The conventional method was compared with the results of VQ. With the conventional method, the best accuracy (71%) in detecting breast cancer was achieved when a threshold of the initial signal increase ≥75% was defined for malignancy. In addition, lesions were classified as malignant by an SI course ≥type II (plateau or wash out). The plateau was defined as a postinitial signal change of ±10%. With VQ, a maximum of accuracy (75%) was observed when the threshold of the initial signal increase was ≥75%, the SI course was classified ≥type II, and the plateau was defined as a postinitial signal change of ±5%. The slight improvement using VQ was mainly achieved by an increase of sensitivity, especially in invasive lobular carcinoma and DCIS. However, specificity slightly decreased.

For the detection of invasive carcinomas, previous studies reported sensitivities from 90% to almost 100% whereas specificity was between 75% and 85% [2628]. In DCIS, detection rates of 70–80% were described [2931]. In our investigation, sensitivity was lower compared with other studies. When comparing different results, one has to distinguish between studies that include predominantly highly suspicious lesions (BIRADS 4 to 5) and others that include subtle indeterminate lesions (BIRADS 3). In our study population, (n=399) there was a high number of true negative lesions, which showed absent or minor contrast enhancement. For further evaluation with VQ, we included only lesions with an initial signal increase of ≥50% (n=92). This subpopulation mainly contained small lesions.
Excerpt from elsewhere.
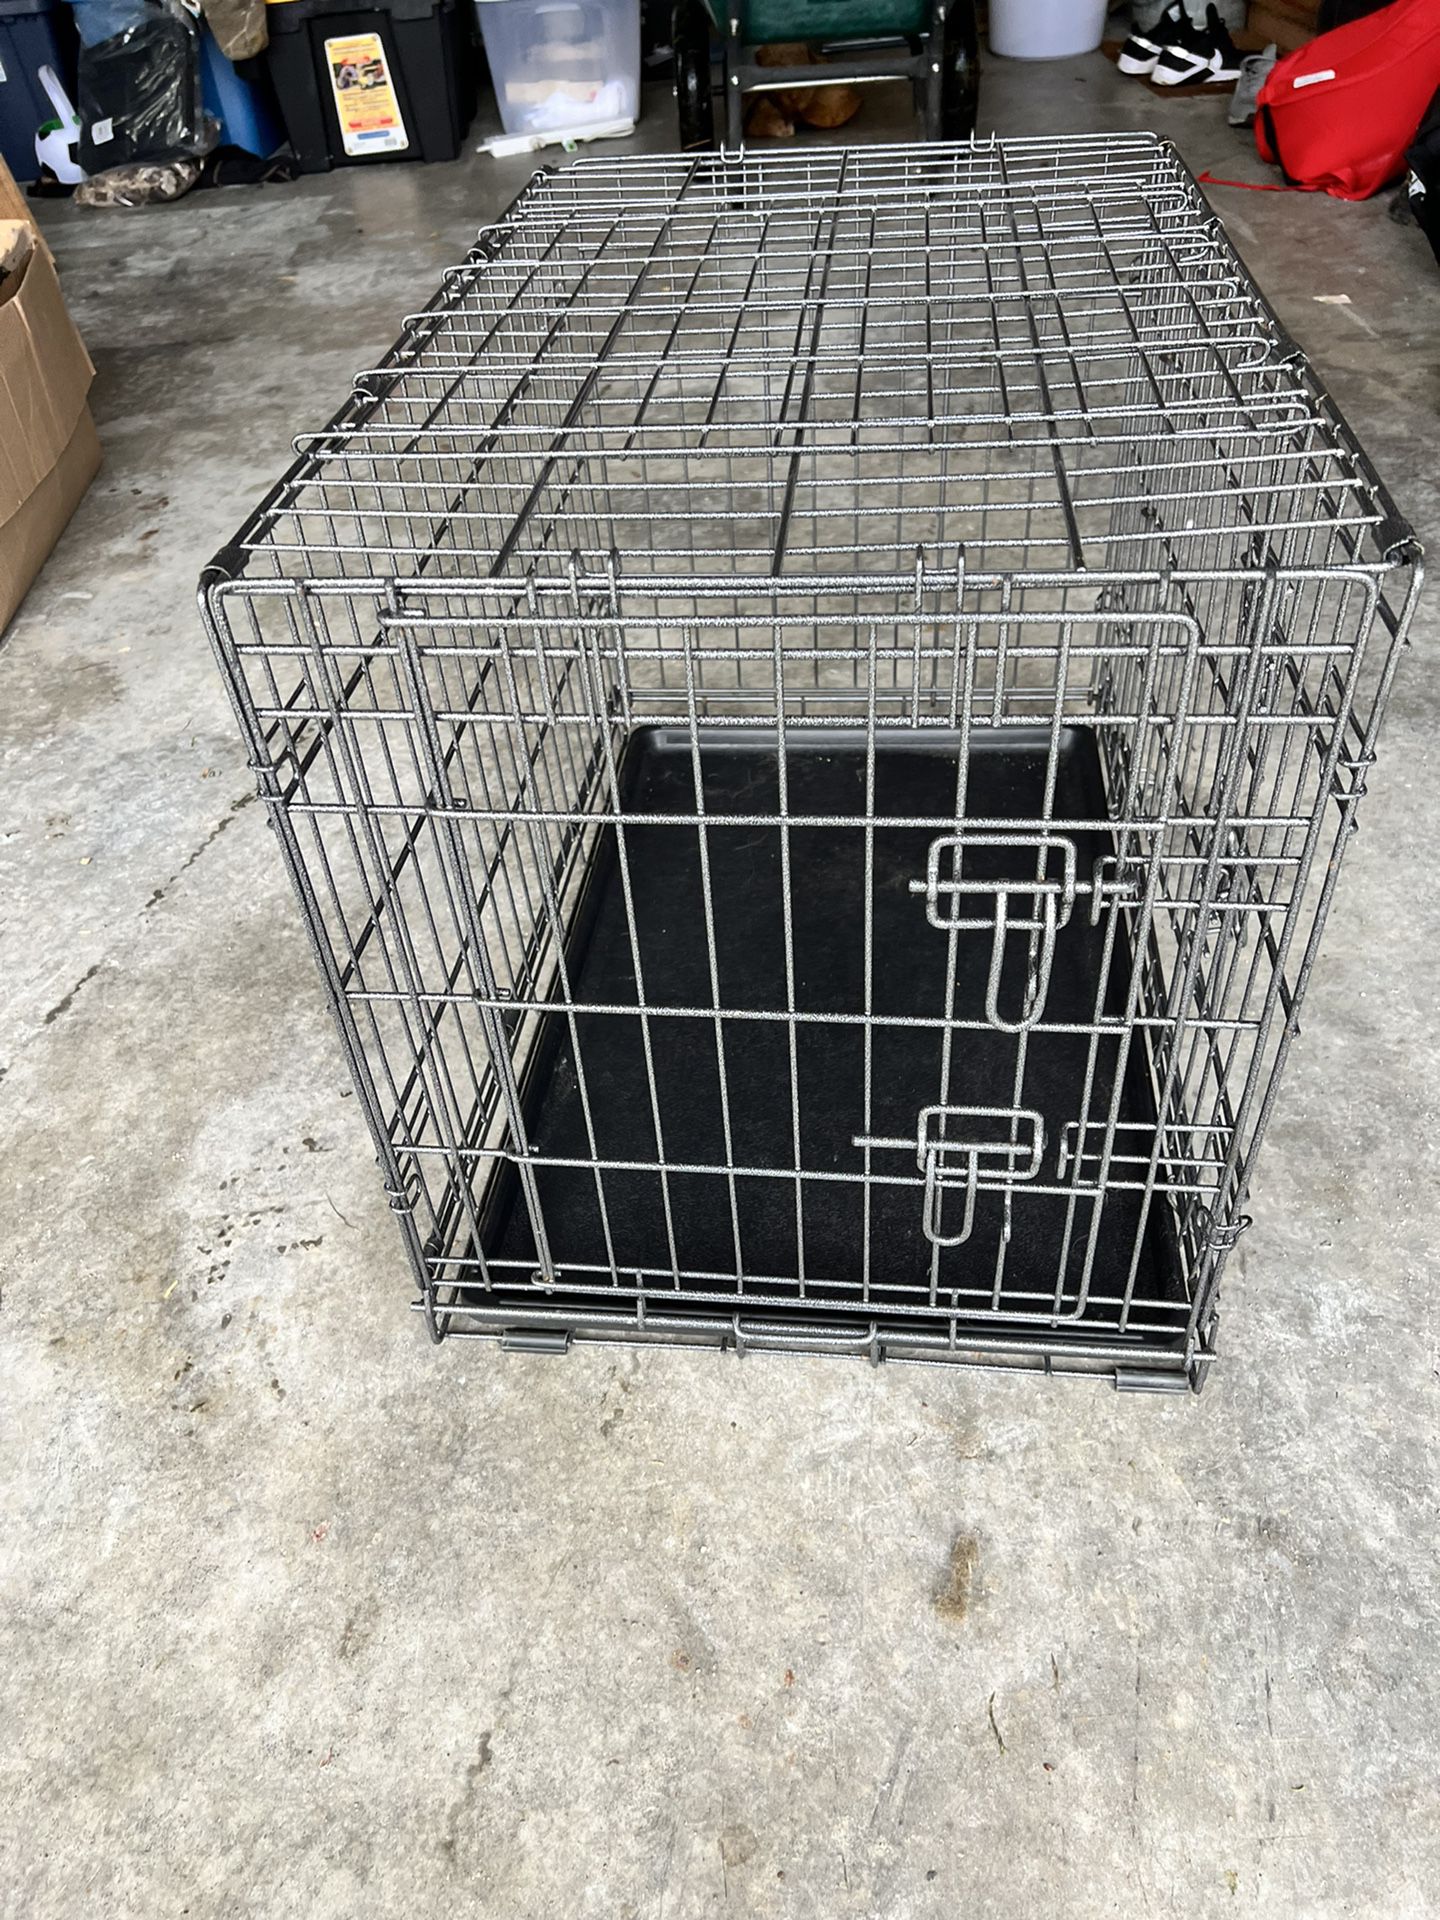 Medium Size Dog Crate

In the present study, only the SI time series were used for lesion classification. The evaluation of signal intensity time curves is of importance in the differentiation of benign from malignant lesions in breast MRI. Morphologic information including shape, borders, internal structure, presence of septation, or rim enhancement can improve the diagnostic accuracy [2]. Especially, a segmental or linear enhancement pattern was found to be highly specific for intraductal neoplastic changes [32]. Szabó et al. applied an artificial neural network, including signal kinetics and morphological characteristics. They found that margin type, time-to-peak enhancement, and wash-out ratio showed the highest discriminative ability among diagnostic criteria [33]. In the present study, we investigated predominantly small lesions in which morphologic criteria can hardly be evaluated. Therefore, kinetic information seems to be more important for evaluation. Further studies should evaluate if additional information could be achieved by analysis of the CAMs and morphological criteria.

A higher number of data points in the SI time course could be another approach to further improve the classification of dynamic MR mammography by neural networks. Other authors investigated dynamic MRI with a repetition every 23 s over 32 cycles [34]. For discrimination between malignant and benign lesions, the network with the highest number of input nodes performed best, but even with a three-input model, nearly equivalent classification results were found.

Conclusion

The aim of the study was to analyze the use of VQ for the evaluation of dynamic MR mammography. Measurements were performed in a population with mainly small indeterminate mammographic lesions. A slight improvement using VQ was found compared with the conventional evaluation method. Therefore, VQ could be used as a basis for computer-aided diagnosis of breast cancer with MR mammography.